Food Safety Management Systems Foods II
Food Safety Management System • Procedures & practices intended to prevent FBI’s. • Actively controls risks & hazards throughout flow of food
Active Managerial Control • Controls 5 most common risk factors of FBI’s identified by the CDC: • Unsafe sources • Inadequate cooking • Improper holding temp. • Contaminated equipment • Poor hygiene
HACCP • HAZARD • ANALYSIS • CRITICAL • CONTROL • POINT
HACCP • Identifies hazards at specific points within the flow of food • Once identified, hazards can be prevented, eliminated, or reduced.
HACCP Principle #1 • Conduct a hazard analysis. • What could cause an FBI?
HACCP Principle #2 • Determine Critical Control Points (CCPs) • Points where hazards can be prevented, eliminated, or reduced.
HACCP Principle #3 • Establish critical limits. • Maximum or minimum limits, like temperatures
HACCP Principle #4 • Establish Monitoring Procedures • Who, what, when? like checking temps.

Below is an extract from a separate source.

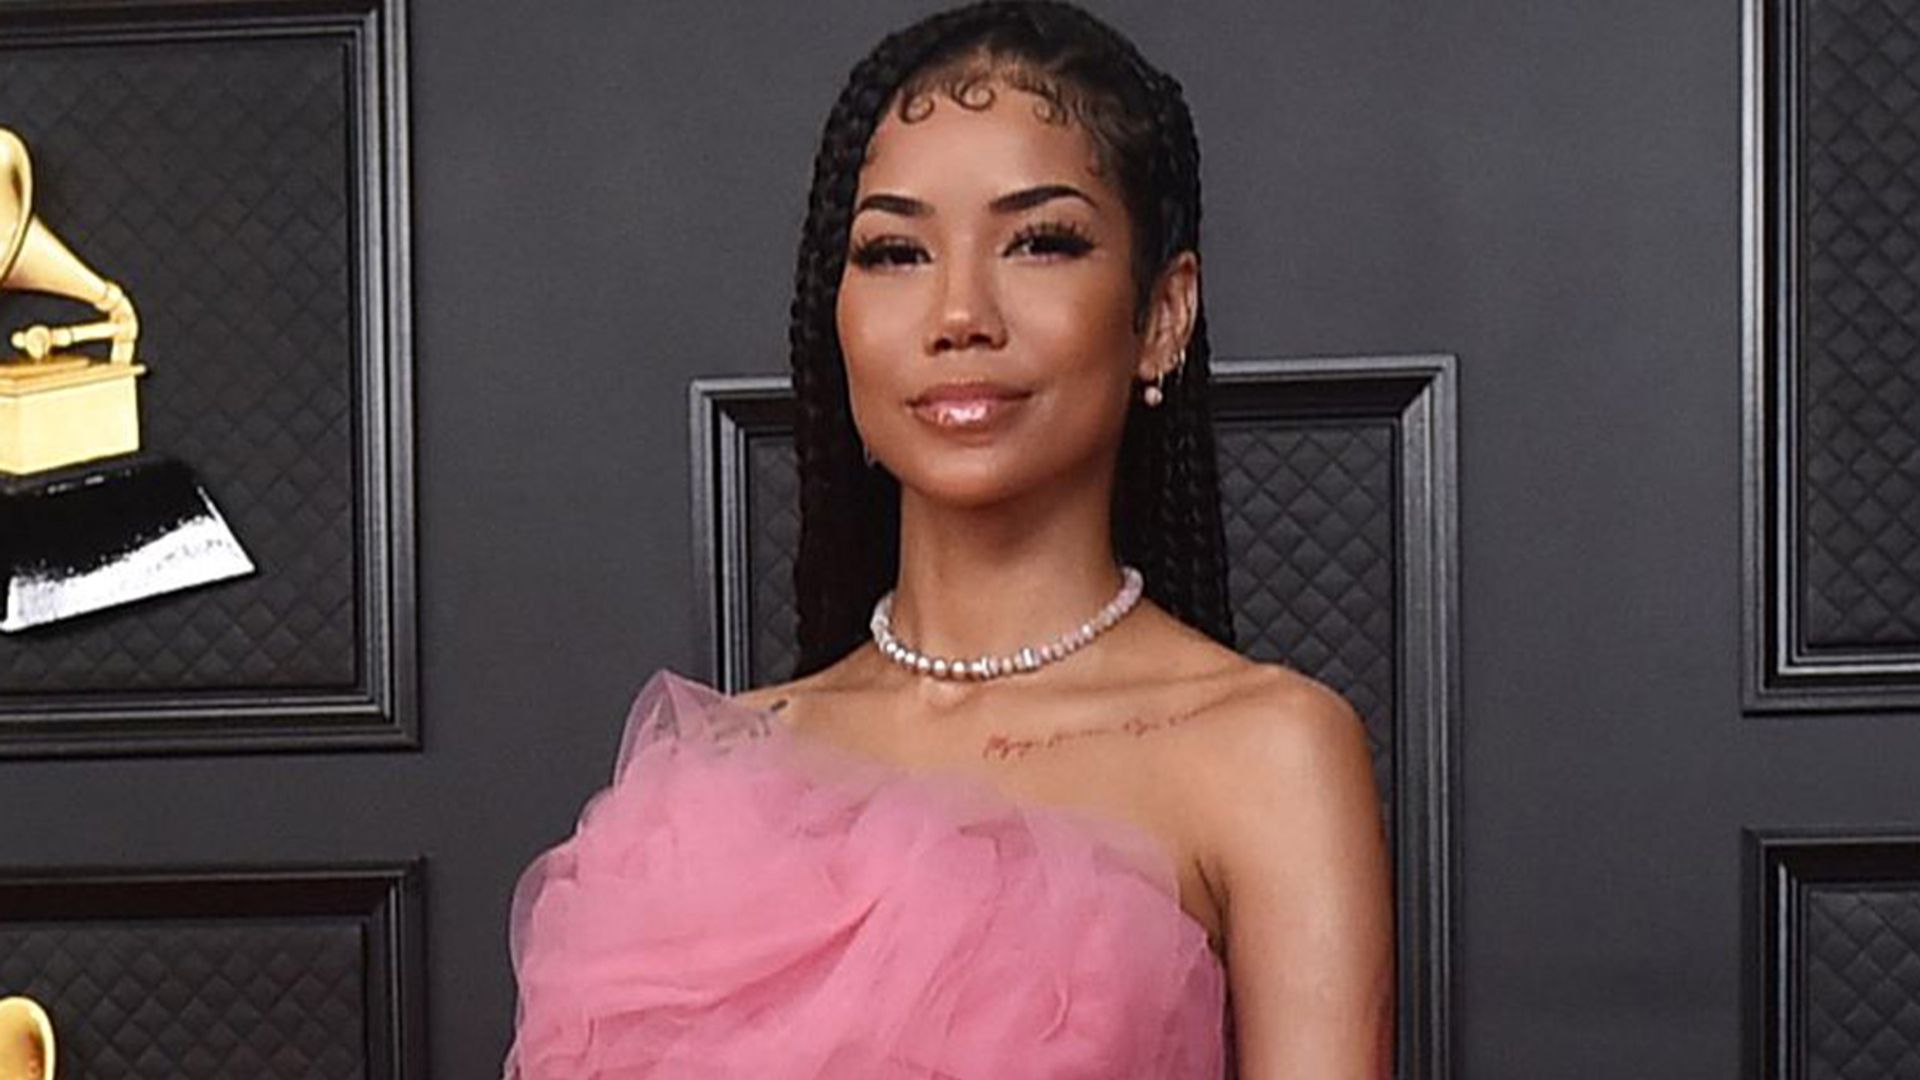 Jhene Aiko's dramatic Grammys dress is almost identical to Rihanna's past look

HACCP Principle #5 • Identify Corrective Actions • What can we do if critical limit isn’t met? • Keep cooking, reheat, or throw it out are options.
HACCP Principle #6 • Verify that the system works. • Evaluate monitoring charts, temperature logs, records
HACCP Principle #7 • Establish procedures for record keeping & documentation. • Keep documentation like logs and records on file
When is a HACCP Plan Required? • Smoking food • Using additives/preservatives • Curing • Custom processing of animals • ROP packaging • Treating/pasteurizing juice • Sprouting seeds/beans • Live shellfish from tanks
HACCP Example At Mrs. F’s Cafe, chicken sandwiches are often received, stored, prepped, cooked & served in 1 day – for immediate service. Discuss the 7 HACCP principles as they relate to this scenario.